By the way, this is obviously not a small problem. That’s two million real numbers to describe this matrix. Everybody see what I’m talking about here? This is serious business. You could make a big story about how sophisticated this is. You’d be taking in 2000 measurements and doing the optimal – you could make a big long song and dance about how you’re doing – I’m blending 2000 measurements to get 1000 estimates of blah blah blah.
How fast do you think – how long does it take to do that? You might have some rough idea. Does anyone know? You type A backslash B in MATLAB for this.

**Student:**[Inaudible].

**Instructor (Stephen Boyd)**:What? You’re right. About a second. So the answer’s about a second. Might be two seconds, I don’t know, something like that. What? 2000 by 1000. Do it twice though so it gets loaded into – okay, sorry. But you know, it’s on the order of a second, two, something like that.

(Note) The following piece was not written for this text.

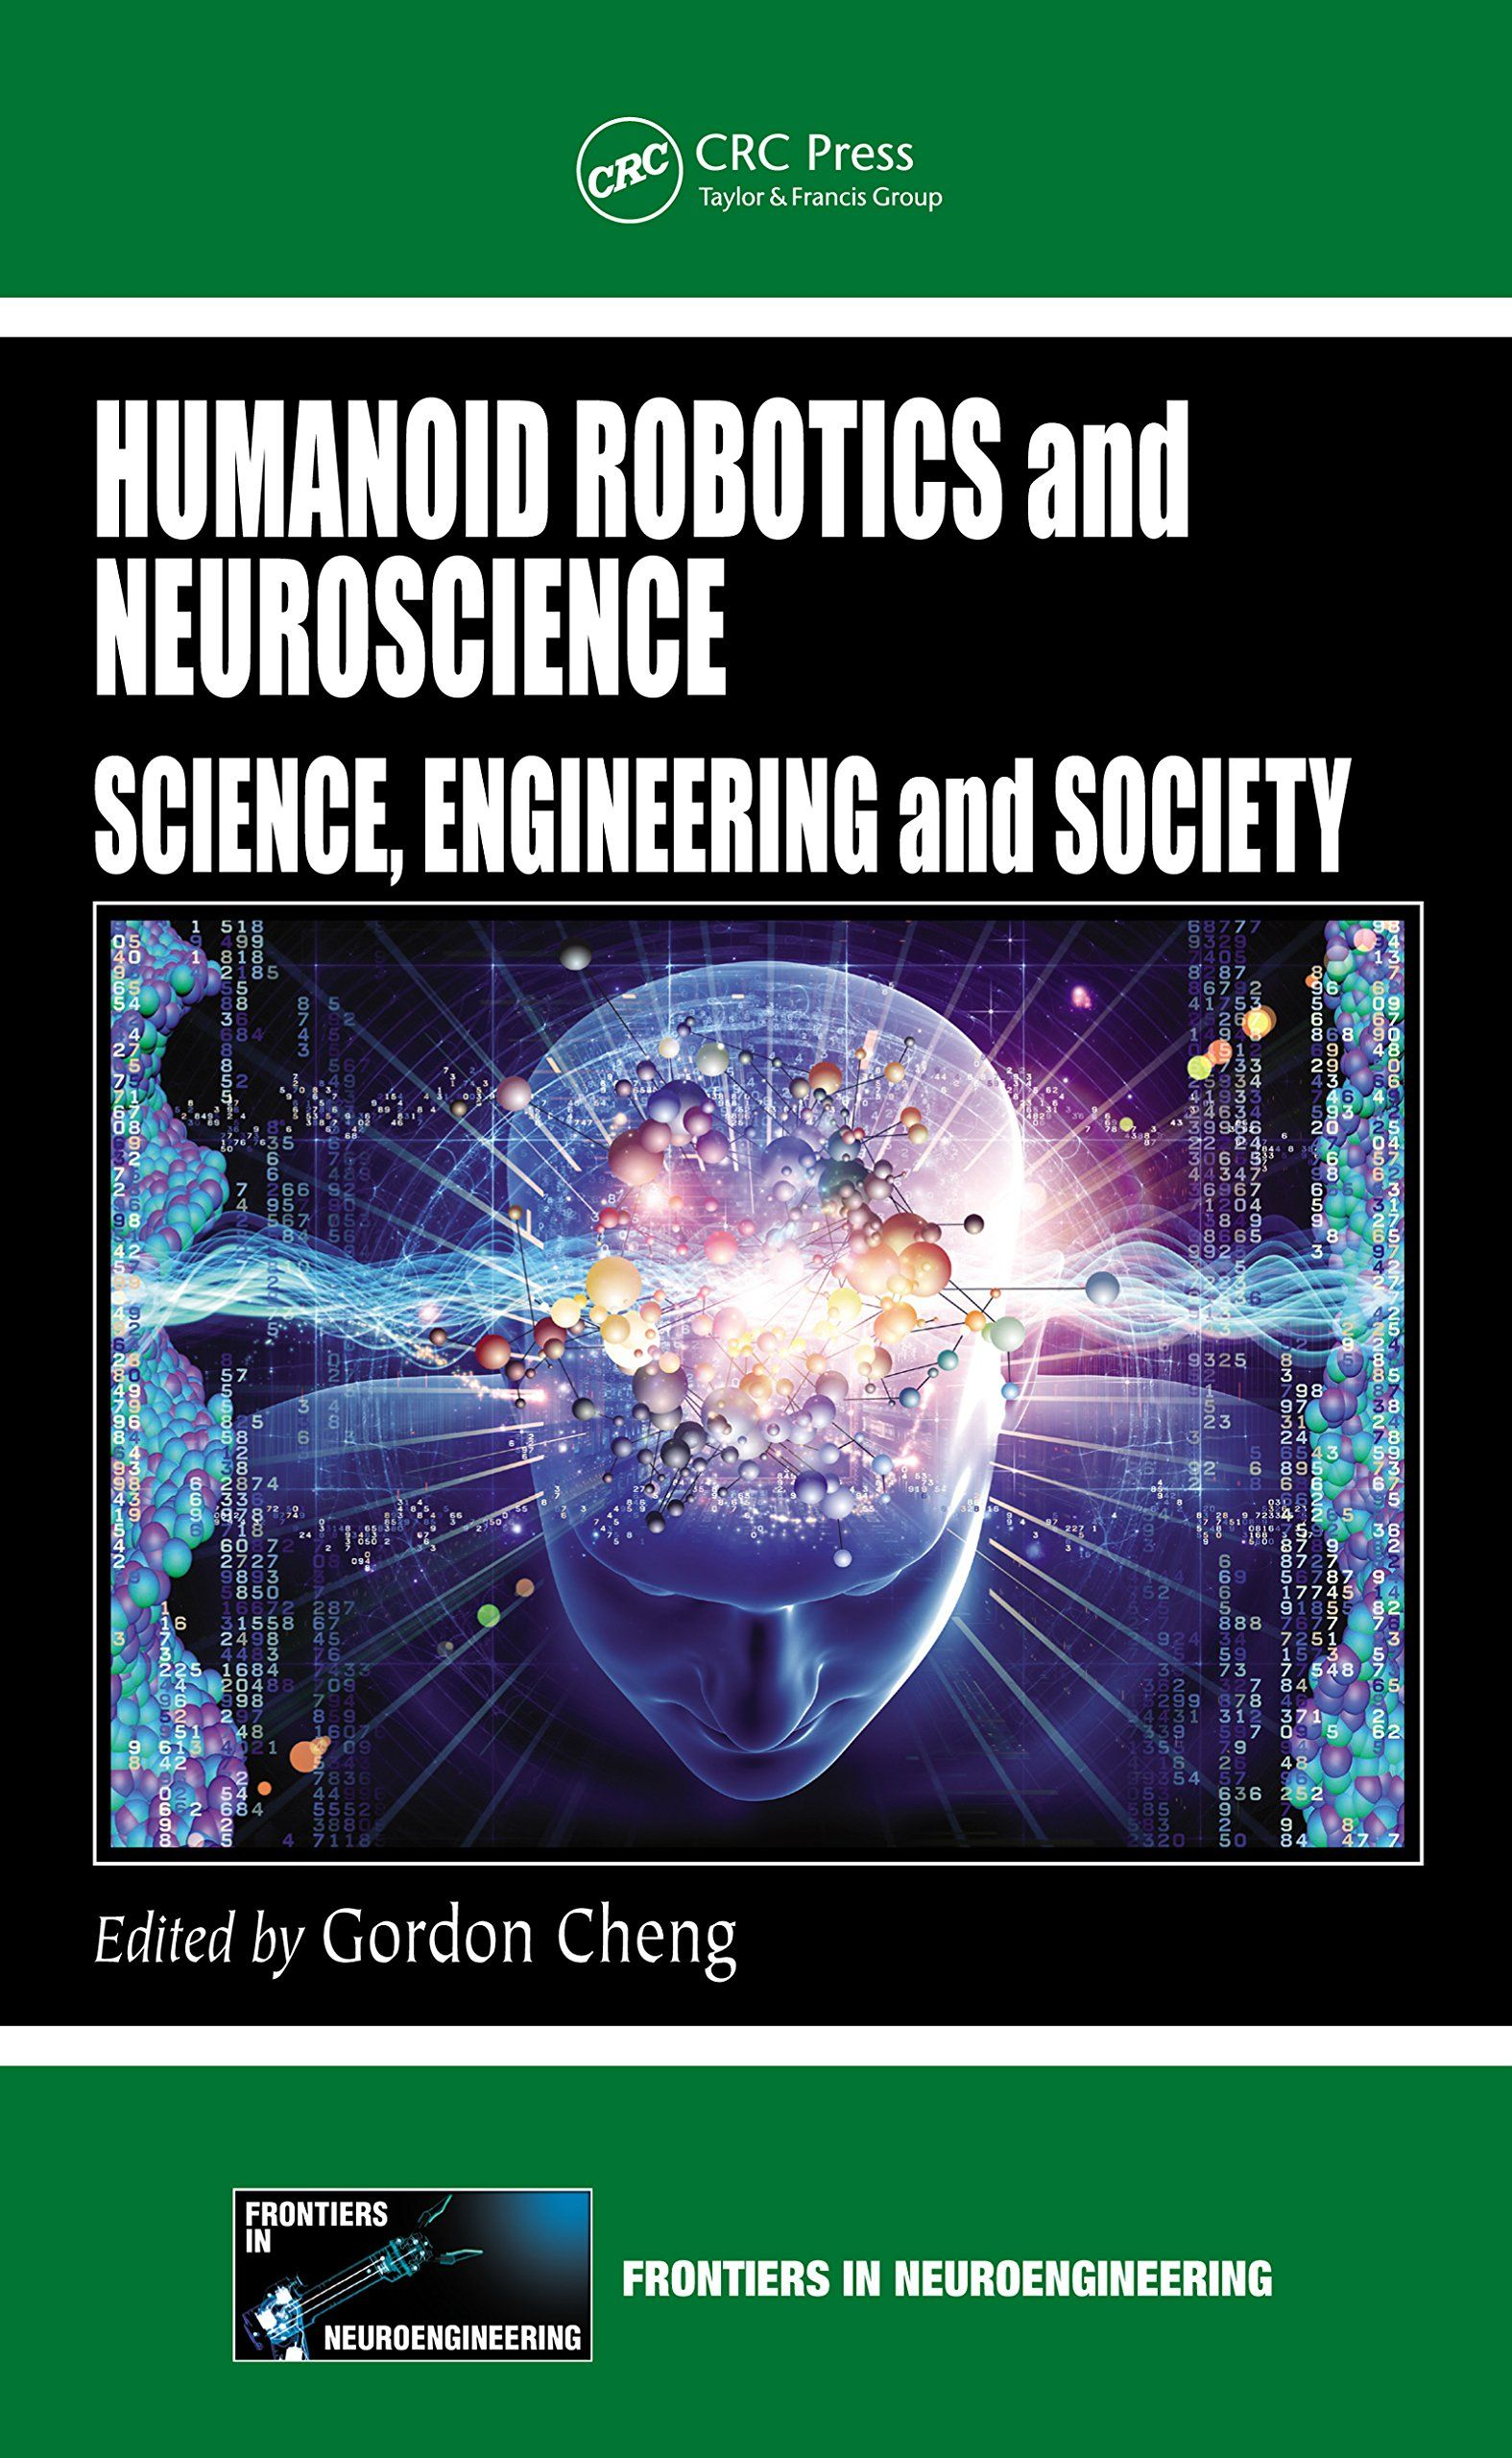 Humanoid robotics and neuroscience: science, engineering and society / Gordon Cheng. 2015.
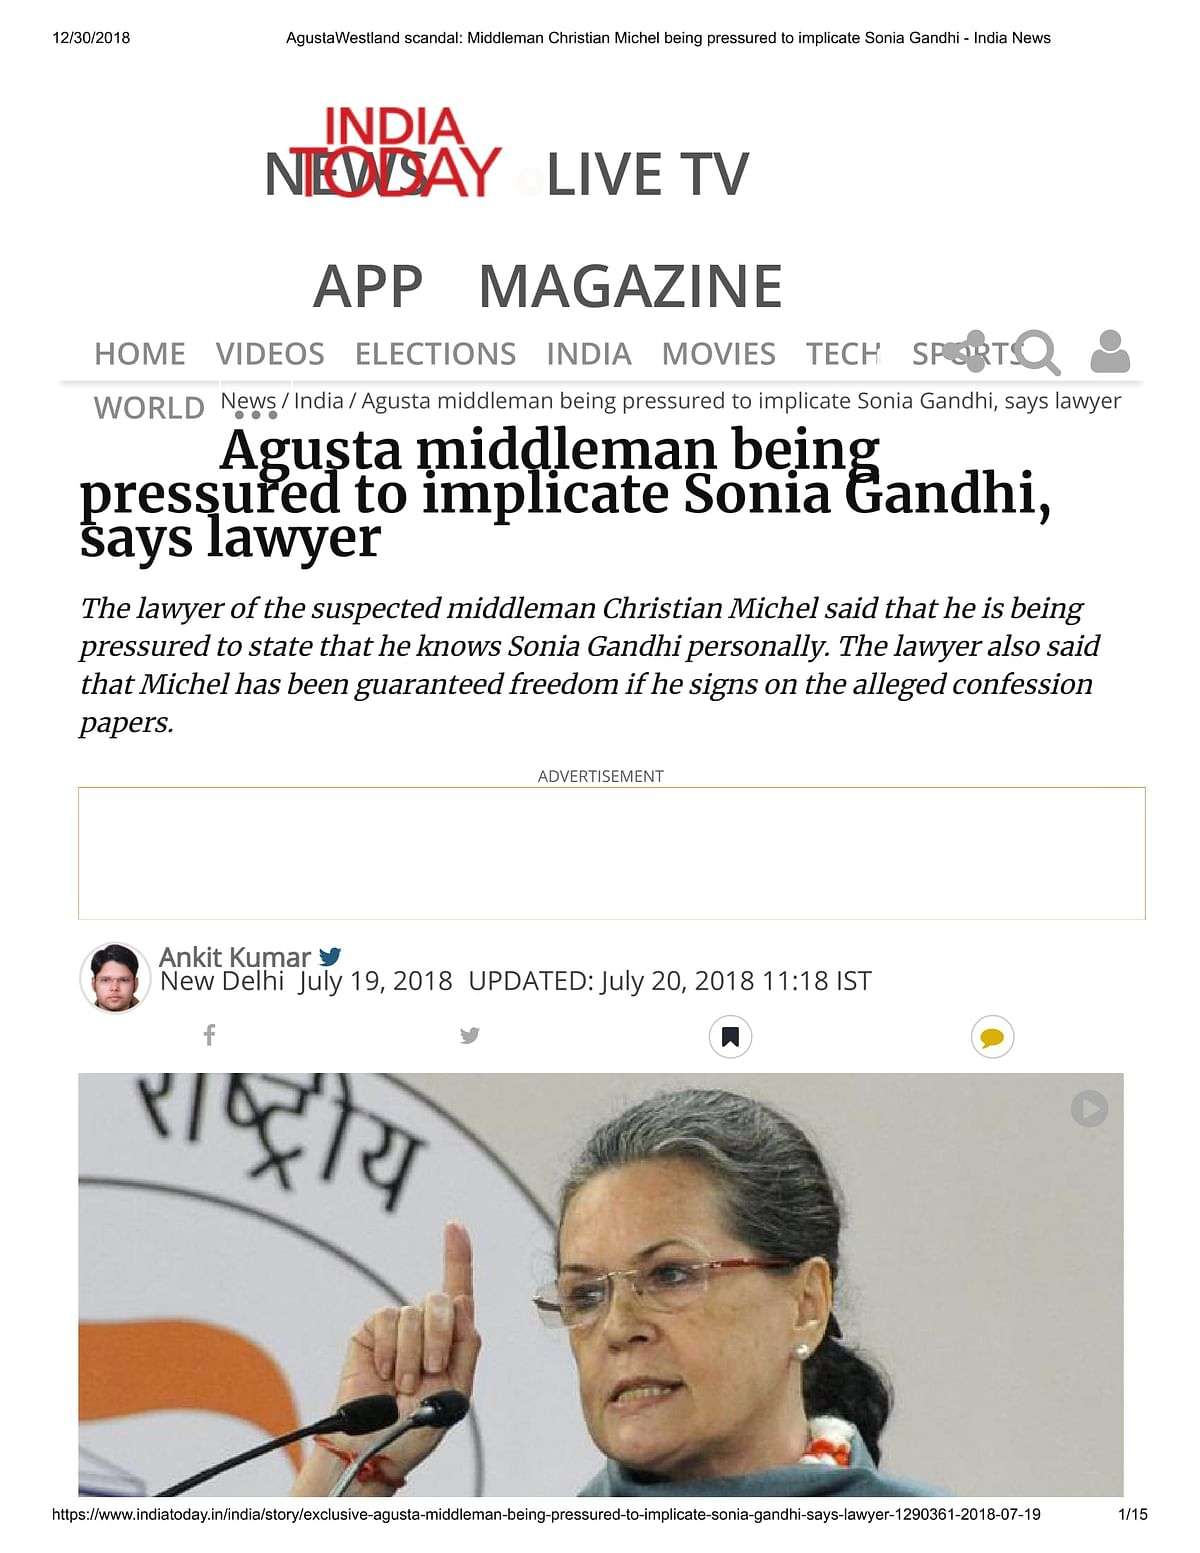 Augusta Westland: 6 questions to Modi & 'Embarrassing Directorate'

By the way, this is just stunning, the fact that you can do this. This is something unheard of. This is what happens when you ignore Moore’s Law for let’s say 20 years or something, and then come back and check again how fast it is. This is the kind of thing that happens. Now in fact – and this is a beautiful topic. It’s something actually some of you might wanna look at. By the way, I don’t – I think things like this have not really propagated too far, so there’s a lot of times when you might wanna solve – do least squares with 2000 measurements to estimate 1000 things. That’s a big thing. That’s like a big system. The fact that you can do this in seconds with total reliability I think actually has not diffused into general knowledge. Like I had a professor in my office, and I asked him to estimate how long this would take, and he said half an hour. I won’t reveal his name.

**Student:**[Inaudible].

**Instructor (Stephen Boyd)**:How many? Four. On your laptop.

**Student:**No, on [inaudible].

**Instructor (Stephen Boyd)**:Okay. Four seconds. There we go. So it’s four. That’s because it’s too warm. Okay, fine. Four seconds gives you a rough idea.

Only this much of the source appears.